From: Konstantin Knizhnik <k(dot)knizhnik(at)postgrespro(dot)ru>
To: pgsql-hackers(at)lists(dot)postgresql(dot)org
Subject: Re: Implementing Incremental View Maintenance
Date: 2020-11-11 16:10:35
Views: Raw Message | Whole Thread | Download mbox | Resend email
Lists: pgsql-hackers

On 05.10.2020 12:16, Yugo NAGATA wrote:
> Hi,
> Attached is the rebased patch (v18) to add support for Incremental
> Materialized View Maintenance (IVM). It is able to be applied to
> current latest master branch.

Thank you very much for this work.
I consider incremental materialized views as "reincarnation" of OLAP
There are two approaches of making OLAP queries faster:
1. speed up query execution (using JIT, columnar store, vector
operations and parallel execution)
2. precalculate requested data

Incremental materialize views make it possible to implement second
approach. But how competitive it is?
I do not know current limitations of incremental materialized views, but
I checked that basic OLAP functionality:

The patch is not applied to the current master because makeFuncCall
prototype is changed,
I fixed it by adding COAERCE_CALL_EXPLICIT.
Then I did the following simple test:

1. Create pgbench database with scale 100.
pgbench speed at my desktop is about 10k TPS:

pgbench -M prepared -N -c 10 -j 4 -T 30 -P 1 postgres
tps = 10194.951827 (including connections establishing)

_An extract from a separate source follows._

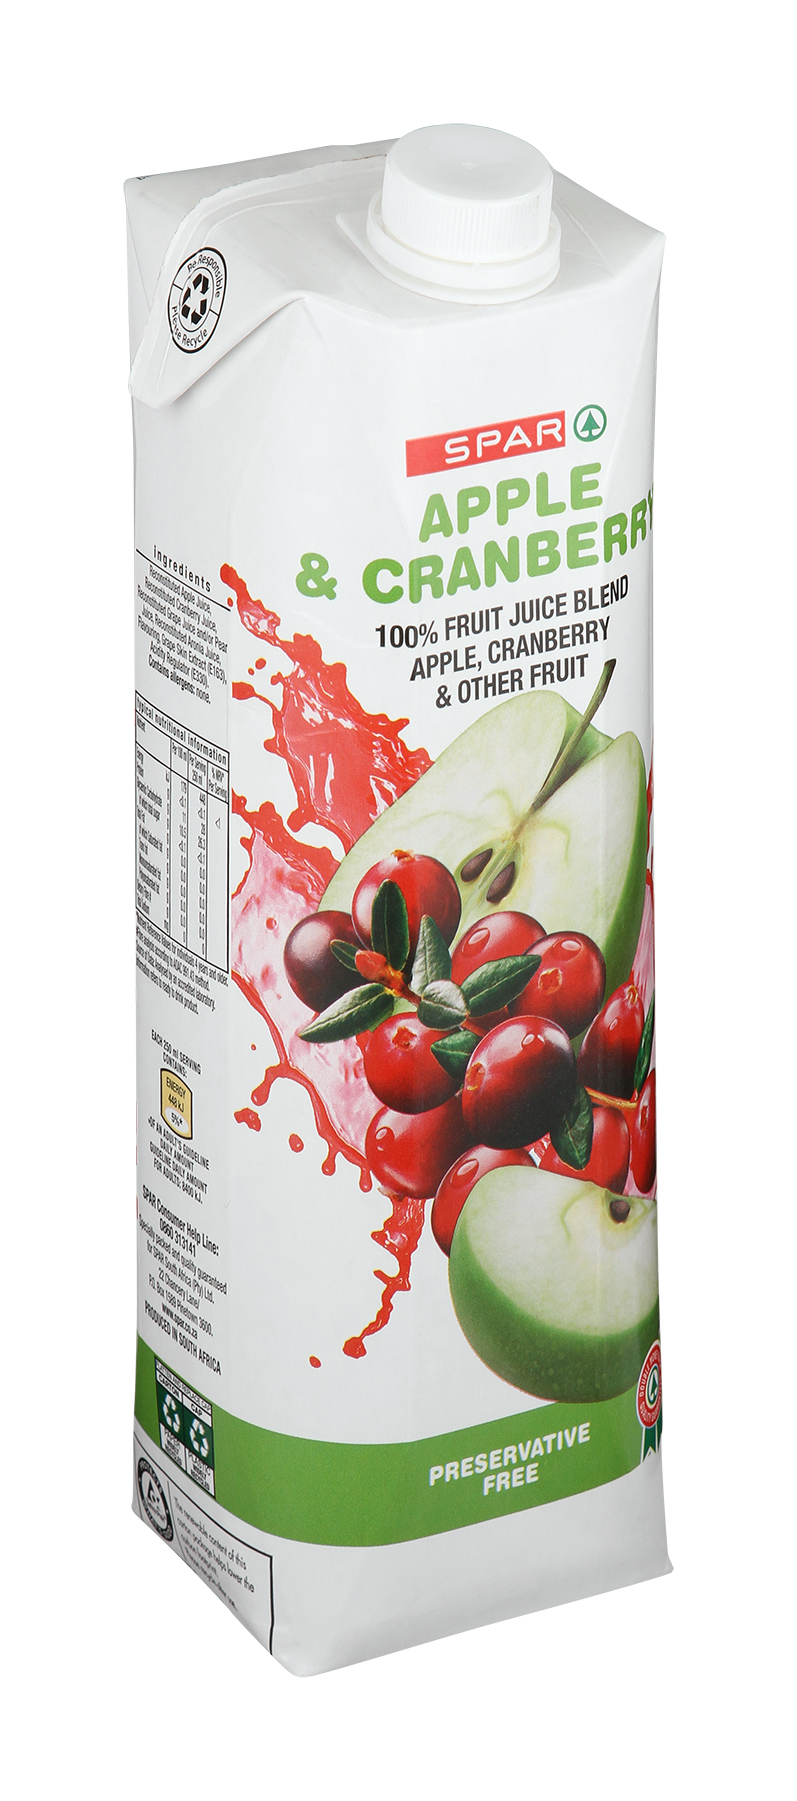 100% fruit juice blend - apple & cranberry

2. Then I created incremental materialized view:

create incremental materialized view teller_sums as select
t.tid,sum(abalance) from pgbench_accounts a join pgbench_tellers t on group by t.tid;
Time: 20805.230 ms (00:20.805)

20 second is reasonable time, comparable with time of database

Then obviously we see advantages of precalculated aggregates:

postgres=# select * from teller_sums where tid=1;
 tid |  sum
   1 | -96427
(1 row)

Time: 0.871 ms
postgres=# select t.tid,sum(abalance) from pgbench_accounts a join
pgbench_tellers t on group by t.tid having t.tid=1
 tid |  sum
   1 | -96427
(1 row)

Time: 915.508 ms

Amazing. Almost 1000 times difference!

3. Run pgbench once again:

Ooops! Now TPS are much lower:

tps = 141.767347 (including connections establishing)

Speed of updates is reduced more than 70 times!
Looks like we loose parallelism because almost the same result I get
with just one connection.

4. Finally let's create one more view (it is reasonable to expect that
analytics will run many different queries and so need multiple views).

create incremental materialized view teller_avgs as select
t.tid,avg(abalance) from pgbench_accounts a join pgbench_tellers t on group by t.tid;

It is great that not only simple aggregates like SUM are supported, but
also AVG.
But insertion speed now is reduced twice - 72TPS.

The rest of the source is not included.